= Herbert Thoms =

Herbert Thoms in 1910

Herbert Thoms (1885-1972) was an obstetrician and gynecologist who was an early advocate for natural childbirth and birth control. Thoms was chairman of the medical advisory council of the Connecticut Planned Parenthood League in 1961, when the league started a legal battle against state laws that restricted access to birth control.

==Career==
Herbert King Thoms was born in Waterbury, Connecticut on January 6, 1885. His early education was acquired at the Vermont Academy and the Waterbury High School. Thoms came to the Yale School of Medicine directly from high school, as was common at the time, and obtained his M.D. in 1910. He interned at Memorial Hospital in New London, CT and at the Backus Hospital in Norwich. He then served as an assistant resident at the Sloane Hospital for Women in New York. In 1914, he did postgraduate work in obstetrics at Johns Hopkins in Baltimore, where he worked under John Whitridge Williams.

Returning to New Haven in 1915, Thoms joined the Yale School of Medicine and served in 1916 as an assistant in the school's pathology department. He became a member of the New Haven County Medical Association in 1915, becoming its president in 1923. In 1920, he was one of the founders of the Beaumont Medical Club at Yale and gave the first paper presented before it. In 1927, Thoms became an associate professor and in 1945 he was named a full professor and chairman of the Department of Obstetrics and Gynecology, a position he held until his retirement in 1953. He became professor emeritus at Yale in 1952.

== Contributions ==
Thoms made many important contributions in his field. He devised a technique to accurately measure the pelvic inlet using x-ray pelvimetry, which previously was limited by the inability to bring the incline of the pelvic brim parallel to the horizontal x-ray plate. His view of the pelvis set the standard of his time. Thoms founded the Yale‐New Haven Infertility Clinic, the first infertility clinic in Connecticut, which was devoted to treating couples who desired but were unable to achieve conception. He was a national advocate of natural childbirth. In conjunction with Edith Jackson and members of the Department of Pediatrics, he launched a prepared-childbirth center at Grace New Haven Hospital and published scientific studies on its success. One study found that 19.3 percent of 156 women who were coached for natural childbirth did not use any drugs at all. Thoms noted that the method provided "increased safety to mother and child" and also led him to understand that husbands had an important role to play in natural childbirth. At Grace New Haven, he sponsored the plan for infant “rooming-in” with the mother, rather than in a nursery, after delivery. Thoms served as a medical advisor to the Connecticut Planned Parenthood League and was at the forefront in the successful legal fight to change Connecticut state laws that prohibited the dissemination of birth control information.

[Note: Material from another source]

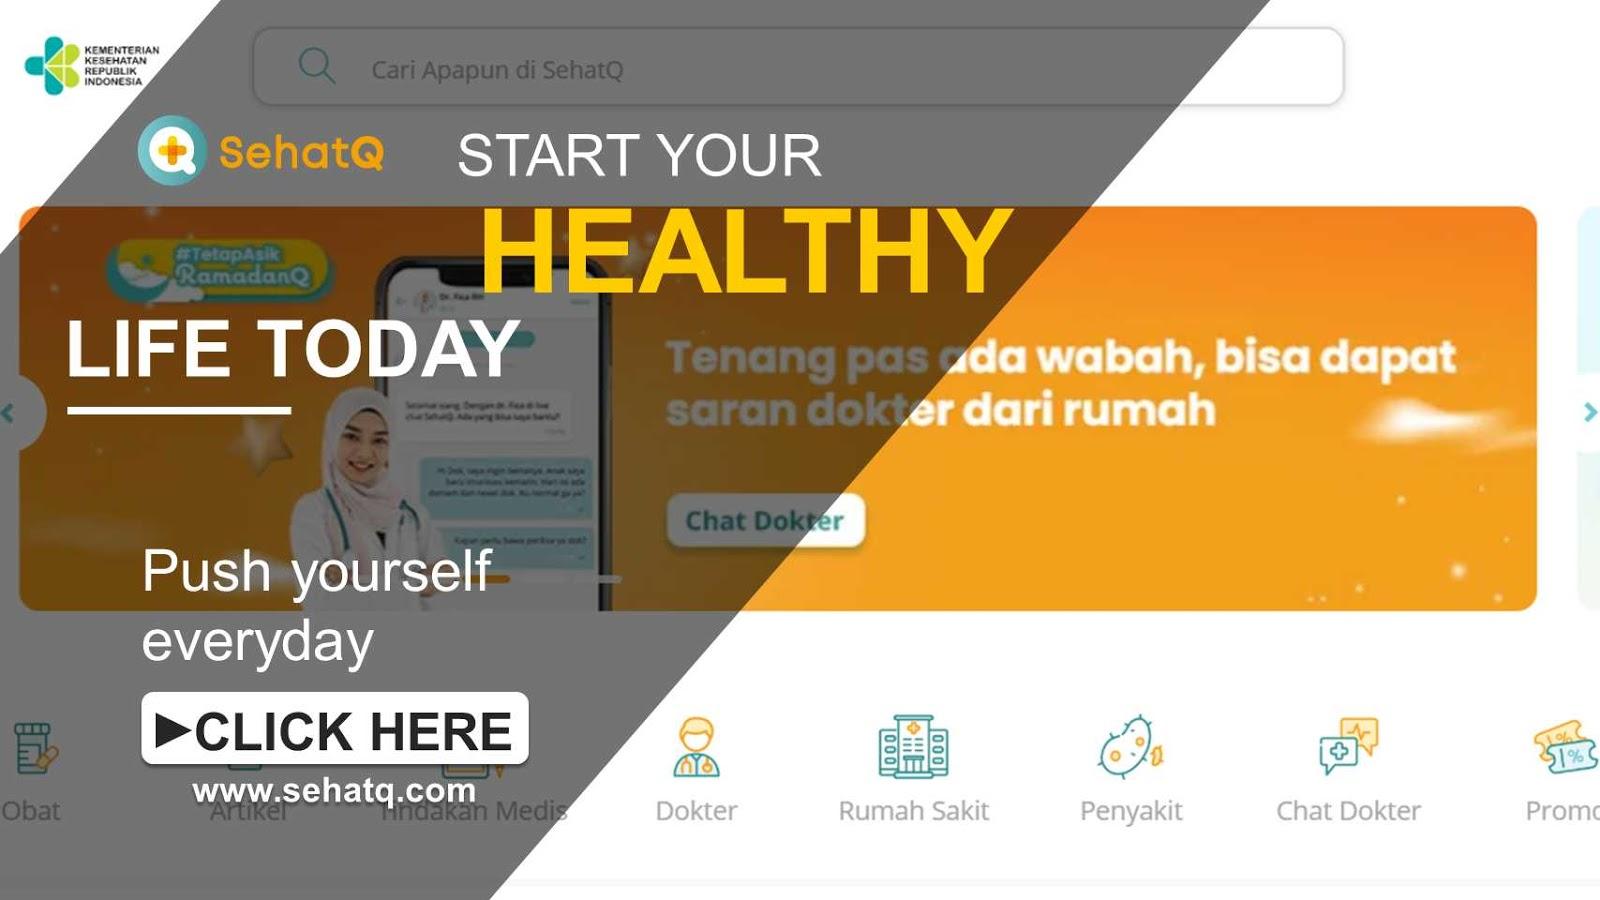 www.sehatq.com

Thoms served as editor of several professional medical journals and was a prolific author of books and articles. He wrote several articles on pelvimetry. He also wrote and published widely on the early history of medicine in Connecticut. He served as an officer of the New Haven Colony Historical Society. As a teacher, he was influential in bringing to the attention of his students the importance of a humanistic approach to medicine.

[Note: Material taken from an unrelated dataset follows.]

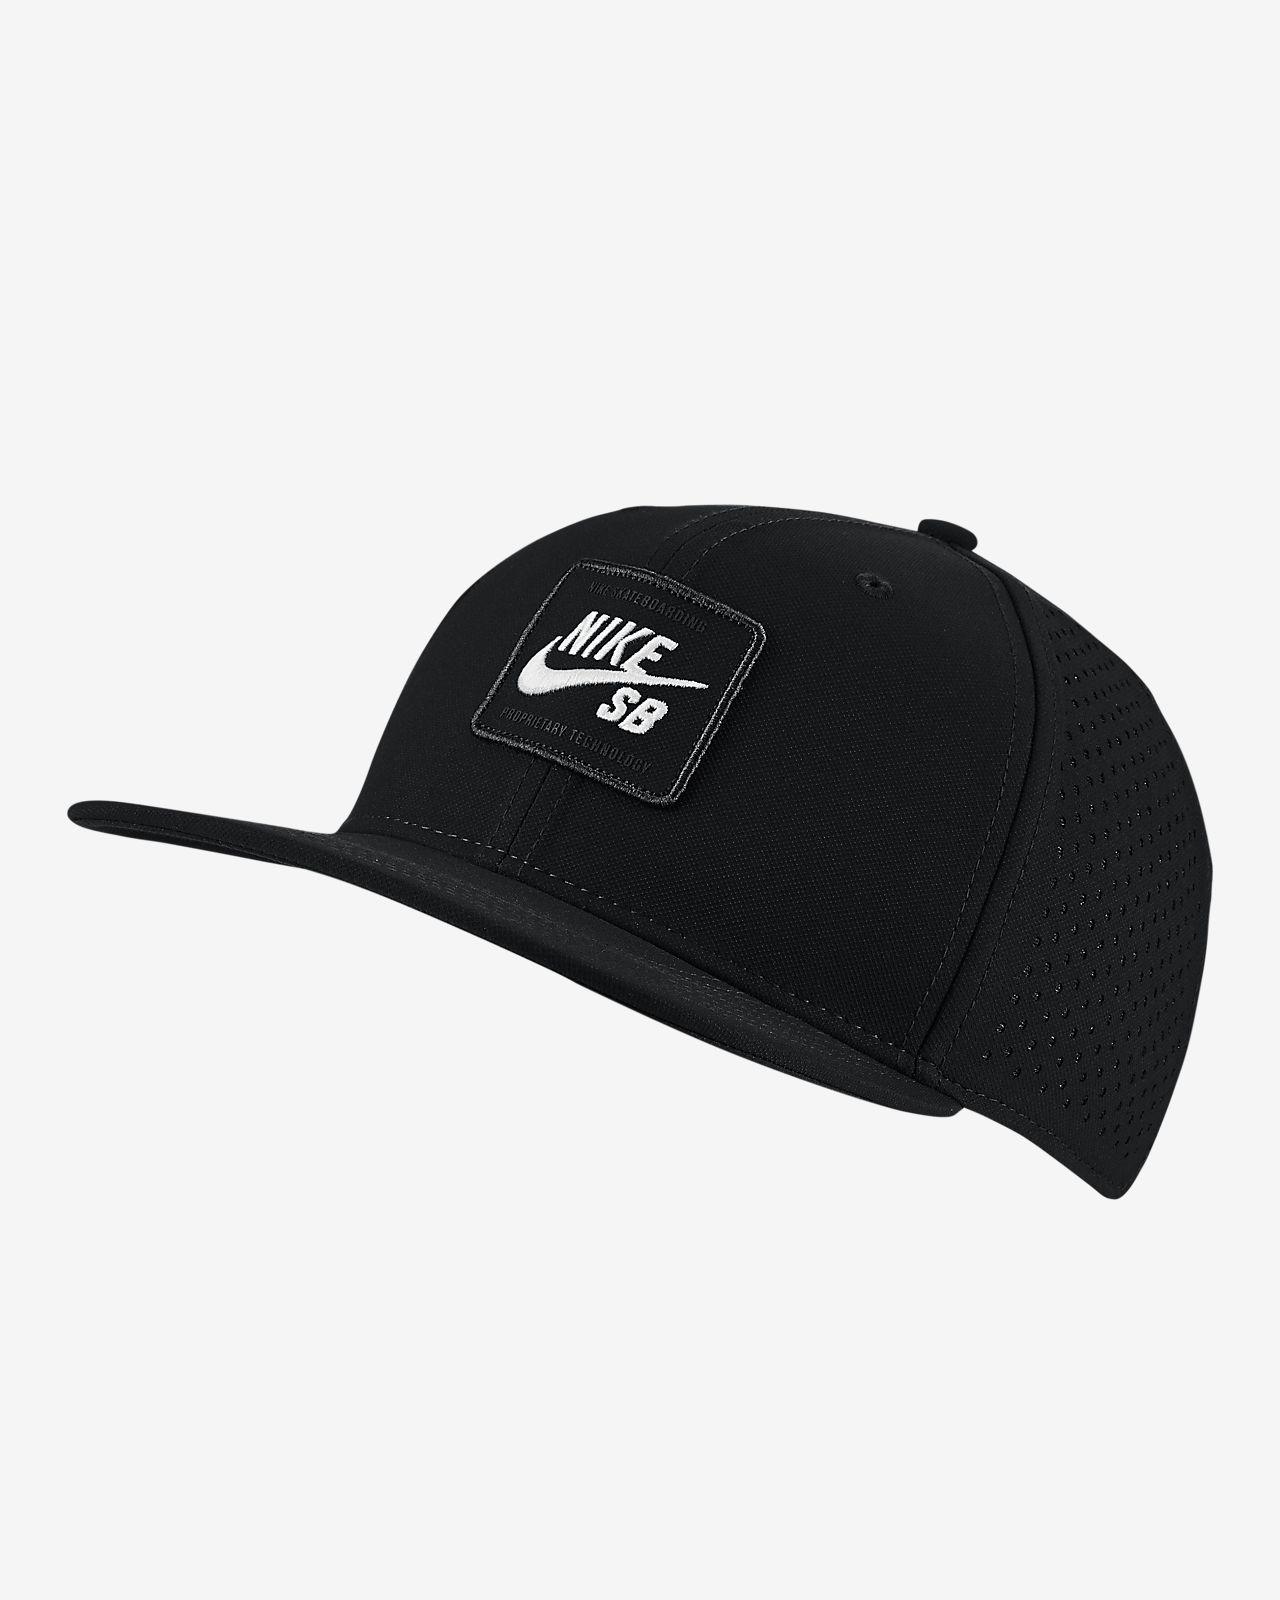 Nike SB AeroBill Pro 2.0 Skate Hat

He produced art in various media, especially dry points. His prints are held in many Connecticut collections.

He won the Lasker Award in 1953 for his contributions in obstetrics, marriage counseling and treatment for infertility.

== Selected publications ==

- Thoms, H., & Yale University. (1967). Yale men and landmarks in old Connecticut (1701-1815). New Haven, Conn: Yale University.
- Thoms, H. (1960). Our obstetric heritage: The story of safe childbirth. Hamden, Conn: Shoe String Press.
- Thoms, H. (1935). Classical contributions to obstetrics and gynecology. Springfield, Ill., Baltimore, Md: C.C. Thomas.
- Thoms, H. (1950). Training for childbirth: A program of natural childbirth with rooming-in. New York: McGraw-Hill.
- Thoms, H. (1962). Childbirth with understanding: A prepared childbirth program with rooming-in.
- Thoms, H. (1960). The doctors of Yale College, 1702-1815: And the founding of the Medical Institution. Hamden, Conn: Shoe String Press.
- Thoms, H. (1958). The Doctors Jared of Connecticut: Jared Eliot, Jared Potter, Jared Kirtland. Hamden, Conn: Shoe String Press.
- Thoms, H. (1942). The heritage of Connecticut medicine. New Haven: Printed by the Whaples-Bullis Company.
- Thoms, H. (1956). Pelvimetry. New York: Hoeber-Harper.
- Thoms, H. (1963). Samuel Seabury: Priest and physician, bishop of Connecticut. Hamden, Conn., London: Shoe String Press.
- Thoms, H., & Roth, L. G. (1950). Understanding natural childbirth: A book for the expectant mother. New York: McGraw-Hill.
- Thoms, H. (1961). Chapters in American obstetrics. Springfield, Ill: Thomas.
- Thoms, H. (1955). Training for childbirth: A program of natural childbirth with rooming-in. 28 minutes, silent, color (restricted to professional organizations). Association of American Medical Colleges.